Consolidated C1 cash costs per pound increased about 1.5% quarter-over-quarter, which Drier said was predominantly due to Tucumã, where higher transportation demurrage and port costs related to COP30 activities in Pará State added about $0.10 per pound to Tucumã’s C1 costs. Drier said Tucumã’s costs were also impacted by the accelerated amortization tied to the mill liner issue discussed by DeFilippo.
Gold C1 cash costs per ounce declined about 29% from the third quarter. Adjusted EBITDA was $186.7 million in the fourth quarter and $409.7 million for the full year. Adjusted net income attributable to owners of the company was $108.4 million for the quarter and $220.4 million for the year, or $1.04 and $2.12 per share, respectively.
Drier said liquidity at quarter-end was $150.4 million, including $105.4 million in cash and cash equivalents and $45 million of undrawn availability under the revolving credit facility. Net debt declined to about $502 million at year-end from $545 million at the end of the third quarter. The net debt leverage ratio improved to 1.2x at the end of the fourth quarter from 1.9x in the third quarter and 2.6x at the end of 2024.
Capital allocation: debt reduction first, then potential shareholder returns
Management said debt reduction and a return to shareholders are intended to be key elements of its midterm capital allocation strategy, supported by expected production growth in 2026 and additional cash flow from Xavantina’s gold concentrate sales. Drier said Ero had $155 million drawn on its revolver at December 31 and intends to pay it down fully in 2026. The company also said it aims to maintain a strong cash position and target a net debt to EBITDA ratio below 1x before commencing a return of capital program.

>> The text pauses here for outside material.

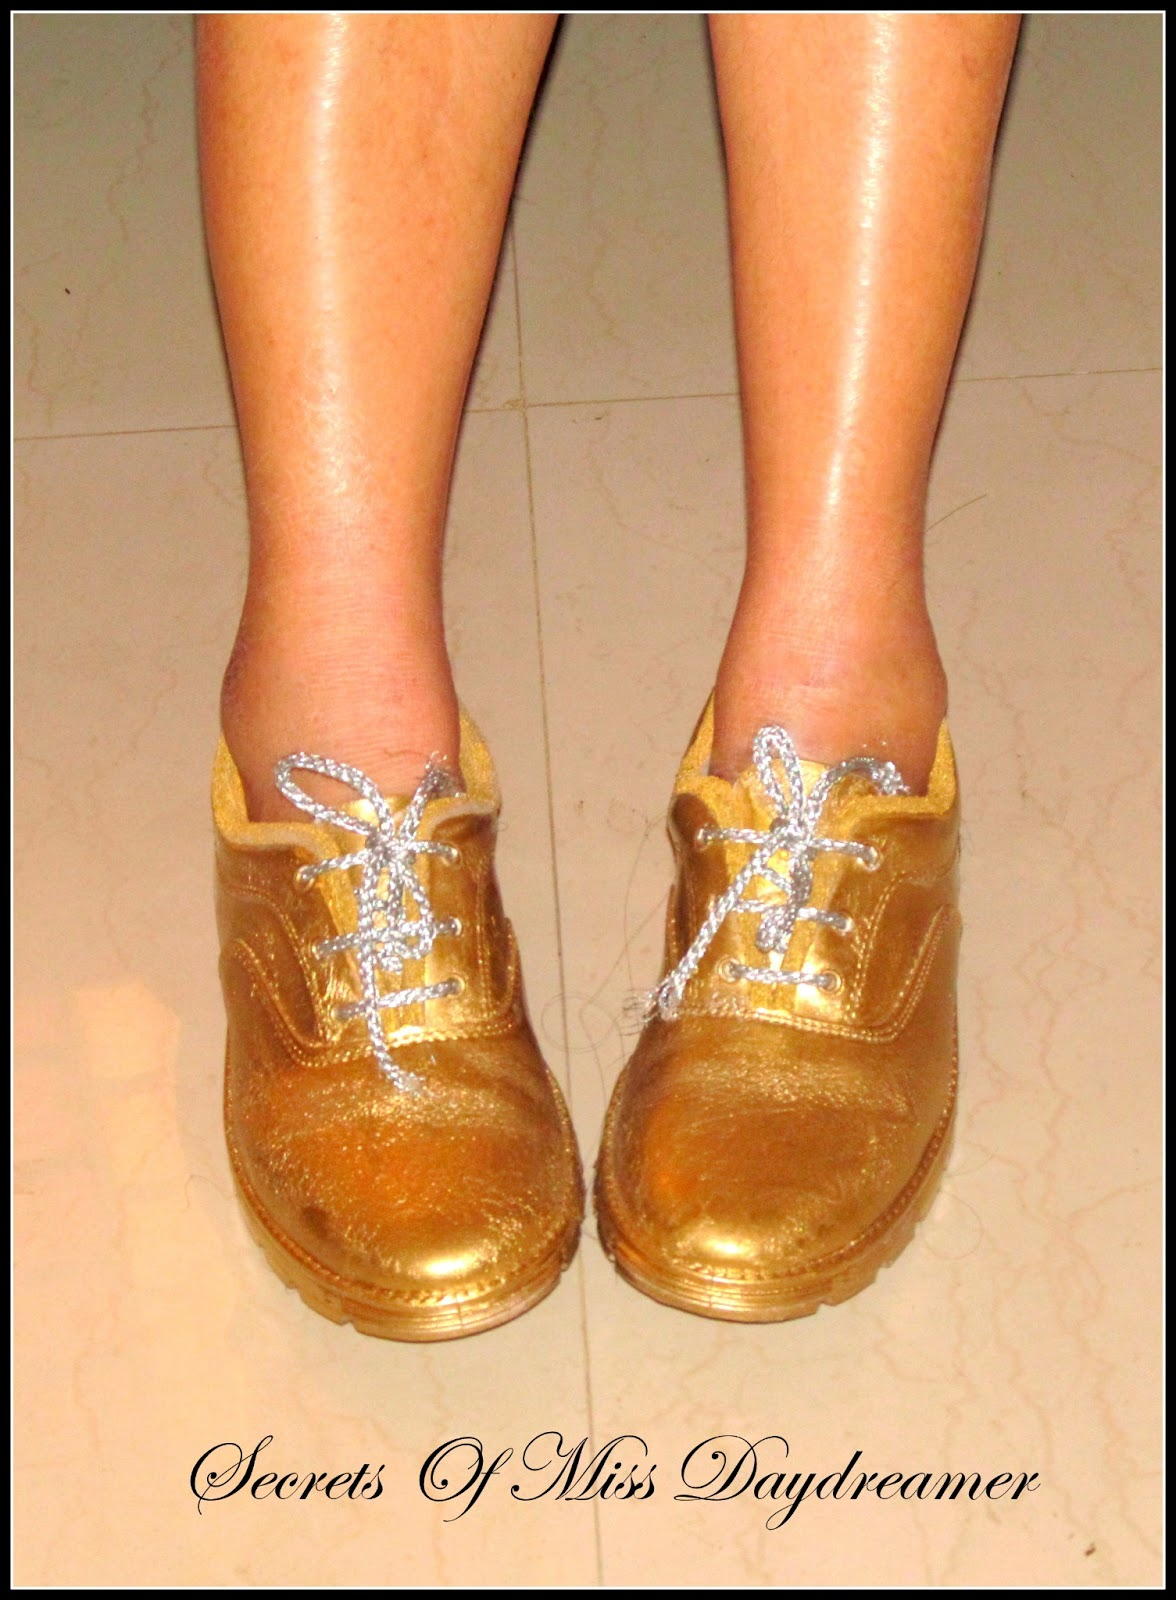 secrets of miss day dreamer diy paint your shoes gold. Black Bedroom Furniture Sets. Home Design Ideas

During Q&A, DeFilippo described the pathway toward capital returns as dependent on (1) getting net leverage below 1x, (2) paying down the revolver, and (3) continued discussions with top shareholders about structure and timing. He also reiterated that Furnas remains “a few years out,” and said Ero has the appetite to advance the project as quickly as possible, while continuing work on a pre-feasibility study and permitting.
As a final update, DeFilippo said the company plans to host a Capital Markets Day in mid-September in São Paulo, with an in-person and virtual option, and that details would be posted to Ero’s website.
About Ero Copper (NYSE:ERO)
Ero Copper Corp (NYSE: ERO) is a Canada-based natural resource company focused on the production of copper concentrate from its Brazilian operations. The company’s flagship asset is the Vale do Curaçá mining complex in the state of Bahia, which includes multiple underground mines and a centralized processing facility. Ero Copper’s primary product is copper concentrate, which is sold to smelters and end users around the world.
The Vale do Curaçá complex comprises the Pilar and Surubim underground mines, supported by a fully integrated processing plant.